Повелитель корней - Михаил Алексеевич Ланцов
Князь же наблюдал.
Внимательно наблюдал за всем, что происходило как в лагере, так и там — в поле. Он не хотел прозевать новую массированную атаку. Но до вечера так ничего и не случилось. Потери, которые понесли германцы при атаке, оказались настолько шокирующими, что они никак не могли прийти в себя. Хотя конунги с ними работали.
Вон — мелькали то тут, то там. Собирали кружки. Беседовали.
Но состояние у людей было слишком понурым. Почти никто голову ровно не держал, придавленный к земле страхом. Ведь, казалось бы, ничтожная горстка защитников, сумела отбить такой натиск. Немыслимый!
Ну и колдовство.
Как те порошки, что вызывают жжение, так и горшки с огнем.
Конунги понимали — это обычные уловки. Римляне порой разные средства использовали, особенно при обороне. Однако на простых общинников их слова действовали слабо.
Они не могли проиграть.
Никак.
Это было просто невозможно! Исключено!
Сколько их и сколько защитников?
Однако они проиграли, усеяв все подходы к лагерю великим множеством трупов. При форсировании брода оказалось убито около двух сотен или еще порядка восьми — ранено, во многом несильно. Сейчас же пало от двух до трех тысяч человек. Вон — вышли отряды и добивали. Так что раненых не будет. Почти не будет.
Страшные потери.
А ведь даже до рукопашной не дошло…
— Колдовство… — неслось со всех сторон…
* * *
Марк Аврелий стоял в тенечке возле Капитолийского храма, наслаждаясь легким ветерком, что гулял здесь робко и неуверенно. Да, холм. А все одно — безветрие, из-за чего пекло немилосердно и хоть какое-то спасение наблюдалось лишь в тени.
На только что завершившемся заседании Сената он объявил цезарем своего зятя — Тиберия Клавдия Помпеяна. А также предложил принять законы о власти, Золотом списке и консулах.
Разом.
Пакетом.
Не найдя у сенаторов особого понимания, однако, и противодействия не получив. Они просто не до конца поняли суть замысла, потому как Император старательно его маскировал, стараясь подать все это, как способ увеличения влияния Сената.
Проголосовали.
Далеко не единогласно.
Но уступили, соблазнившись ничего не значащими посулами. Теперь же предстояло совершить практически подвиг на коллегии понтификов. Здесь же, но чутка попозже.
Собрание небольшое.
Сам Марк Аврелий как великий понтифик, пятнадцать понтификов пожиже рангов и пятнадцать фламинов, то есть высших жрецов традиционных римских культов.
— Может, не стоит? — недовольно спросил Помпеян.
— Почему?
— Они не согласятся.
— Я все устроил так, что у них выбора не будет.

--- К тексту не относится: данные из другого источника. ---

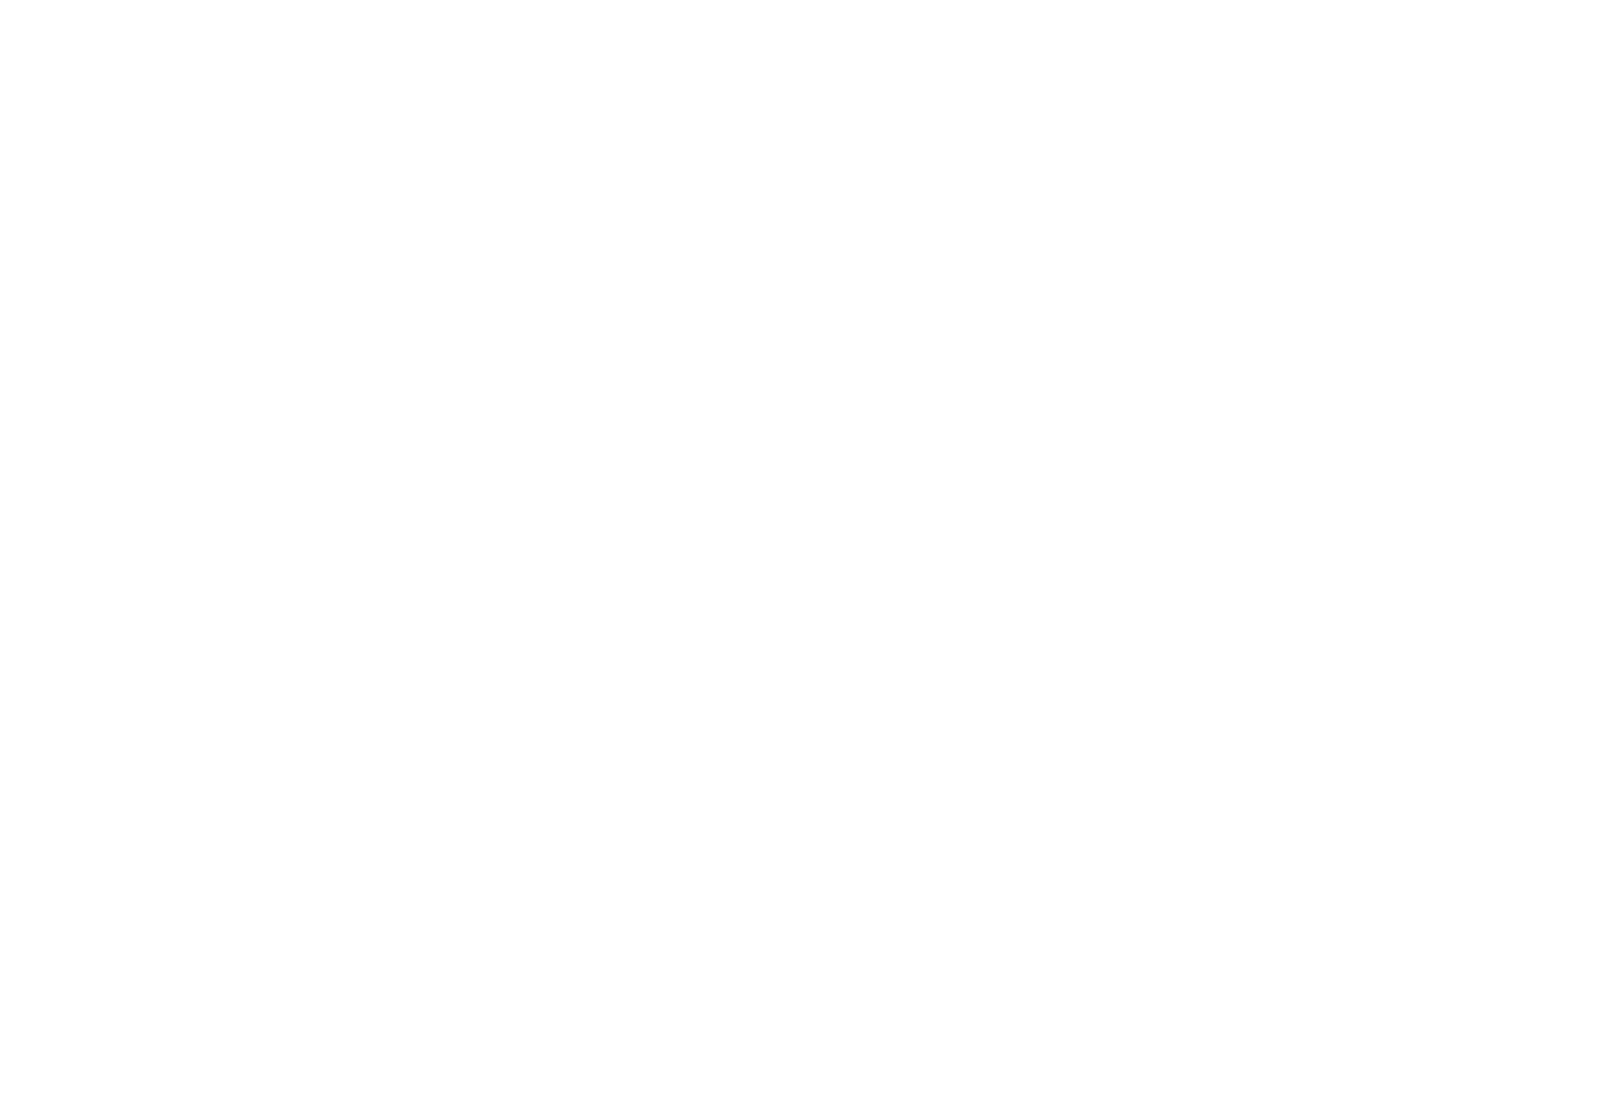 「ヤンキー怖い。でも…」お笑い芸人・バッドボーイズ佐田正樹の半生を描いた映画『デメキン』の主題歌をLEGO BIG MORLが書き下ろしサムネイル画像!

— Даже если они сейчас проголосуют, то станут исподтишка срывать исполнение.
— Будут, — охотно согласился император.
— И зачем тогда?
— Чтобы заменить тех, кто так станет поступать. Ты удивлен? Зря. Никогда не мешай твоим врагам совершать ошибки. Будь добр и терпелив. Выслушивай их внимательно, чтобы дурь каждого видна была.
— Ты так уверен в том, что она тебя не обманула?
— Оракул Сераписа в Александрии, Аммона в оазисе Сива, Аполлона в Дидимах в один день возвестили о том, что та чума, что терзает нашу державу, кара небес за то, что мы отступили от сути древних обычаев и погрязли в братоубийстве. Согласись — странное совпадение.
— Оракулы порой путано и туманно говорят, а их трактовка не всегда оказывается верной.
— Когда я разговаривал с ней, проявилась богиня.
— Что?
— На мгновение. Это было странно и страшно. Казалось, словно сама Исида, у которой, впрочем, много имен, посмотрела на меня глазами своей верховной жрицы.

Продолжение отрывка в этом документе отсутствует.